What's the difference between a Gross Index and a Capital Index?
A Capital Index tracks only share-price changes. A Gross Index assumes all dividends are reinvested back into the index. For most NZX indices, the Gross version shows significantly higher long-term returns because NZ companies pay relatively high dividends — around 50-70% of NZX 50 total return has historically come from dividends reinvested.
How often do NZX indices rebalance?
The main NZX indices (NZX 50, NZX 20, NZX 10) rebalance quarterly — reviews take place in March, June, September and December.

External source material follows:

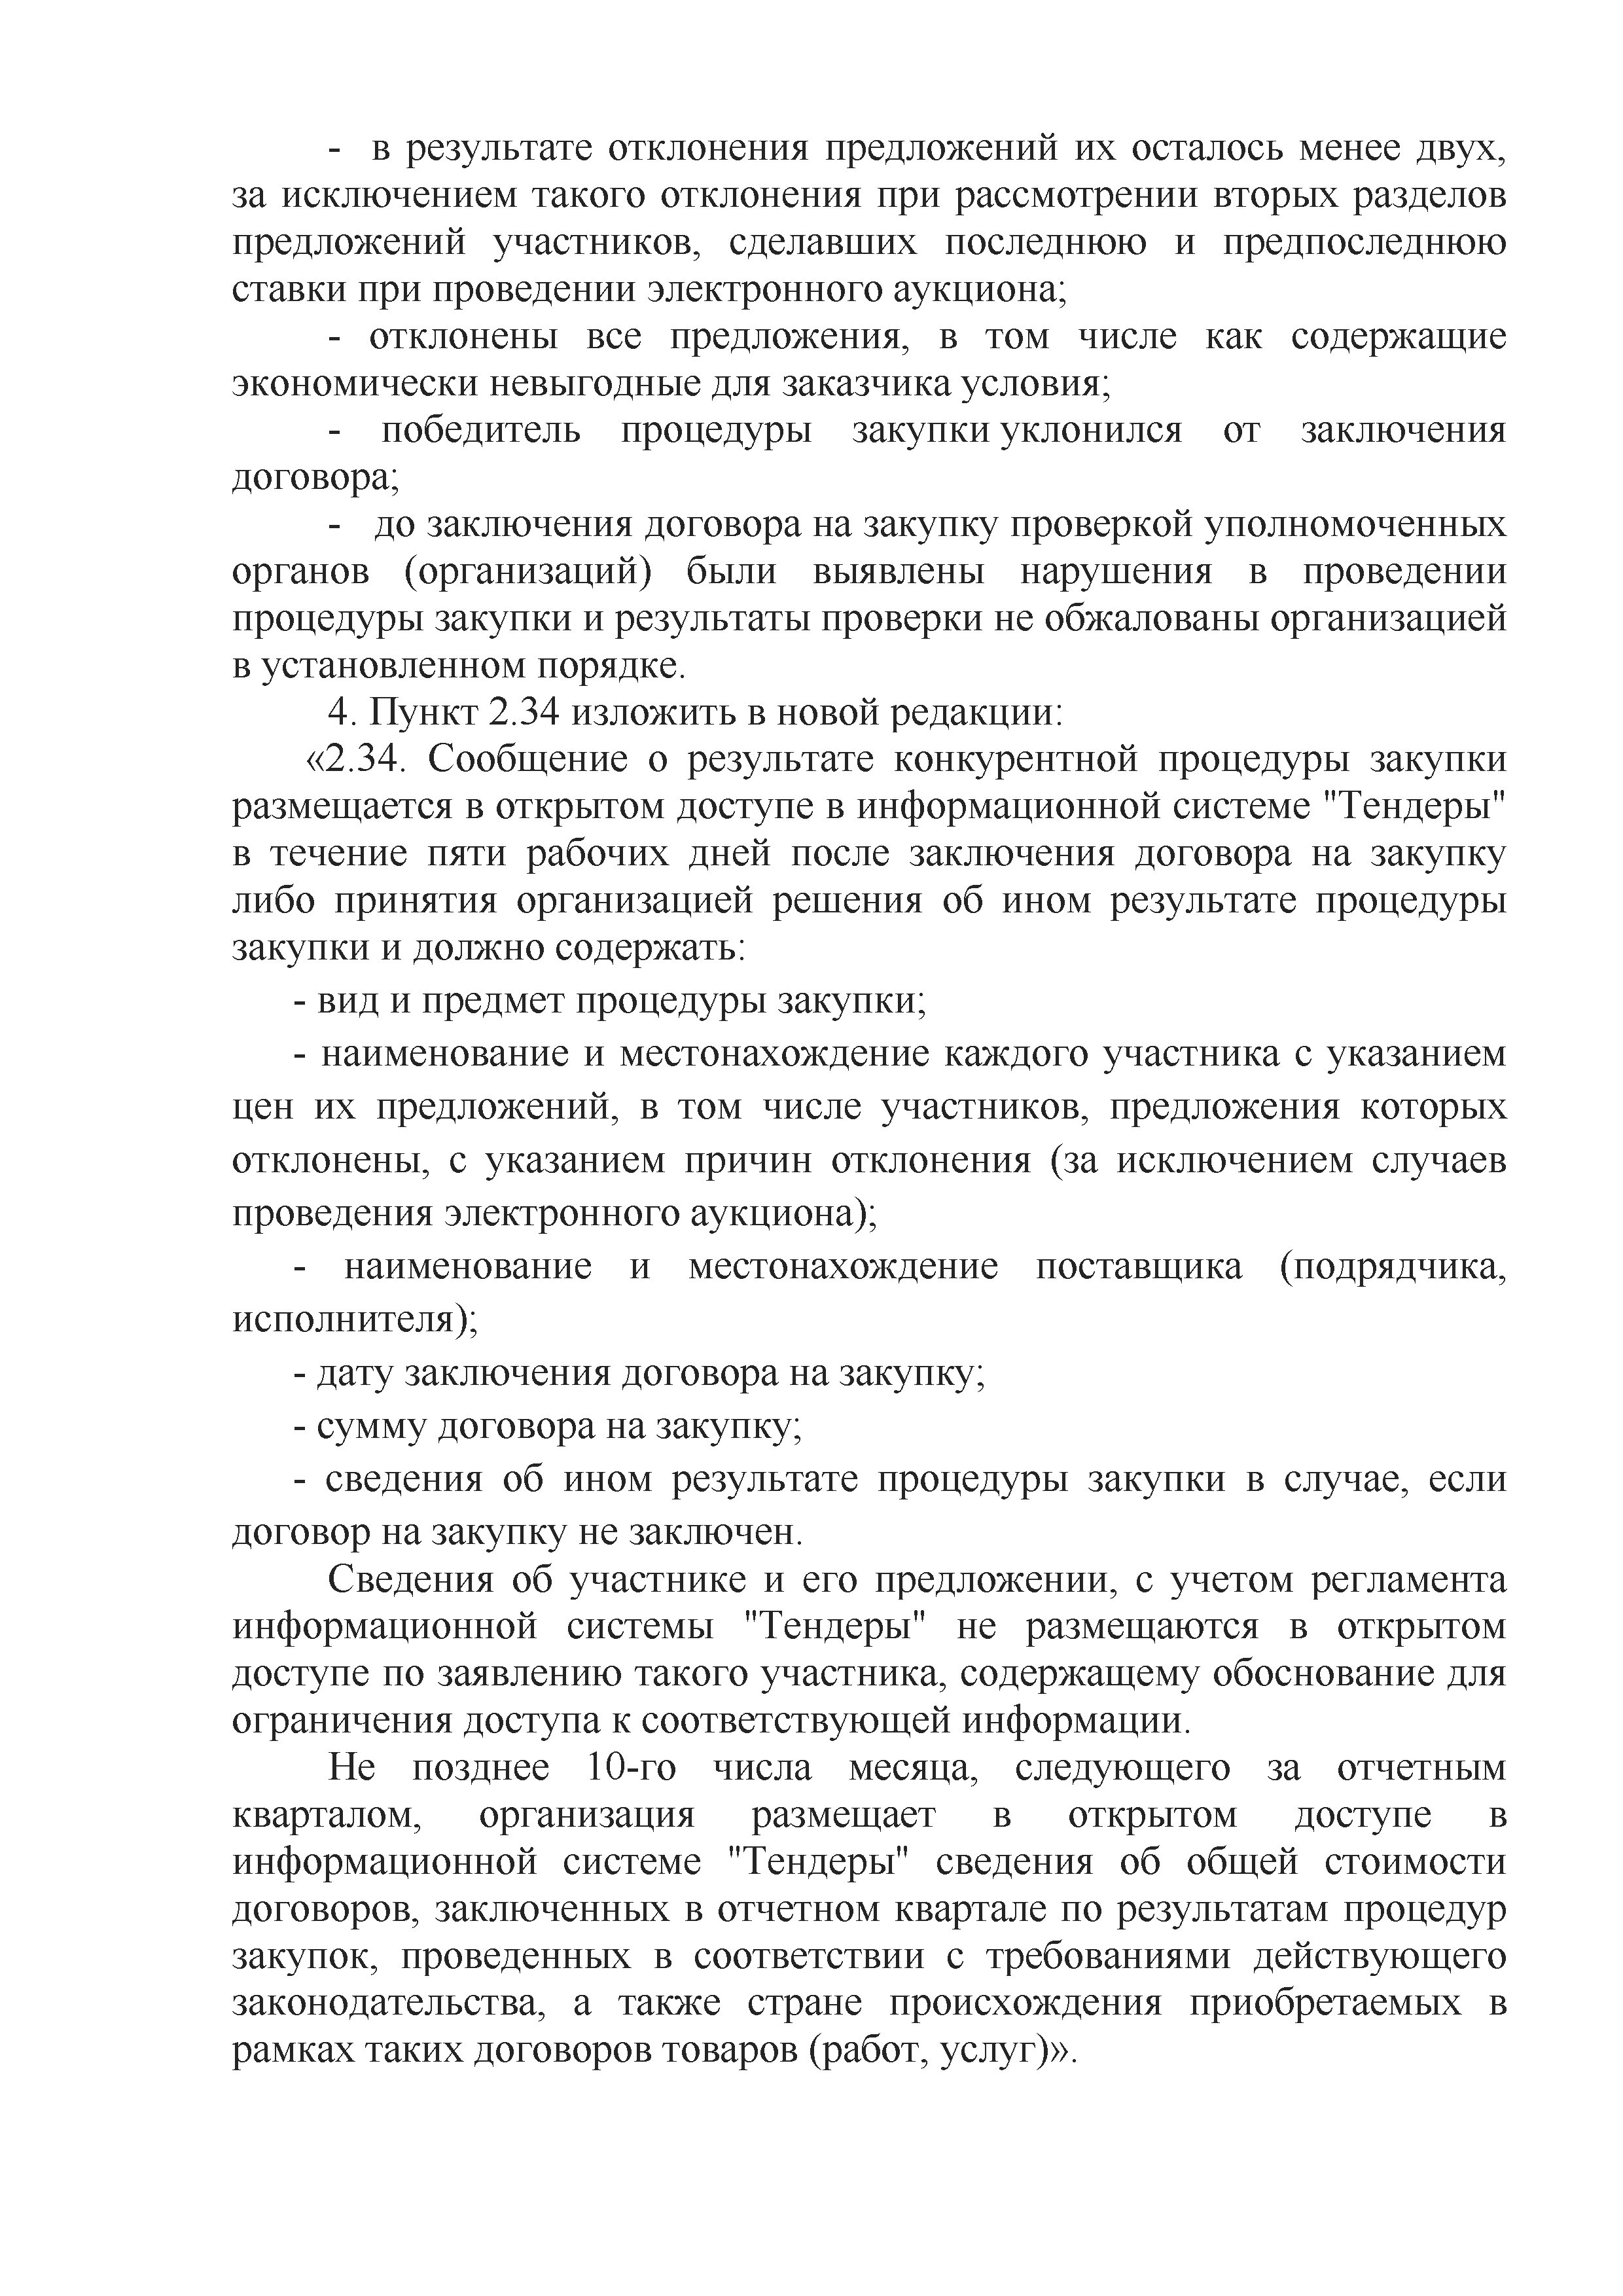 ОАО Торговый дом Сож - Изменения и дополнения 04.10.2022

Changes are announced in advance by S&P Dow Jones Indices; stocks can be added or removed based on market cap, liquidity, and free-float thresholds.
Which NZX index should I benchmark against?
For most diversified NZ equity exposure, the S&P/NZX 50 Gross Index is the standard benchmark — it's what most NZ KiwiSaver and managed funds compare themselves to. If you hold a portfolio biased to the very largest NZ companies, the NZX 20 is closer. For small-cap exposure, the NZX All or the NZX Midcap Index are more relevant.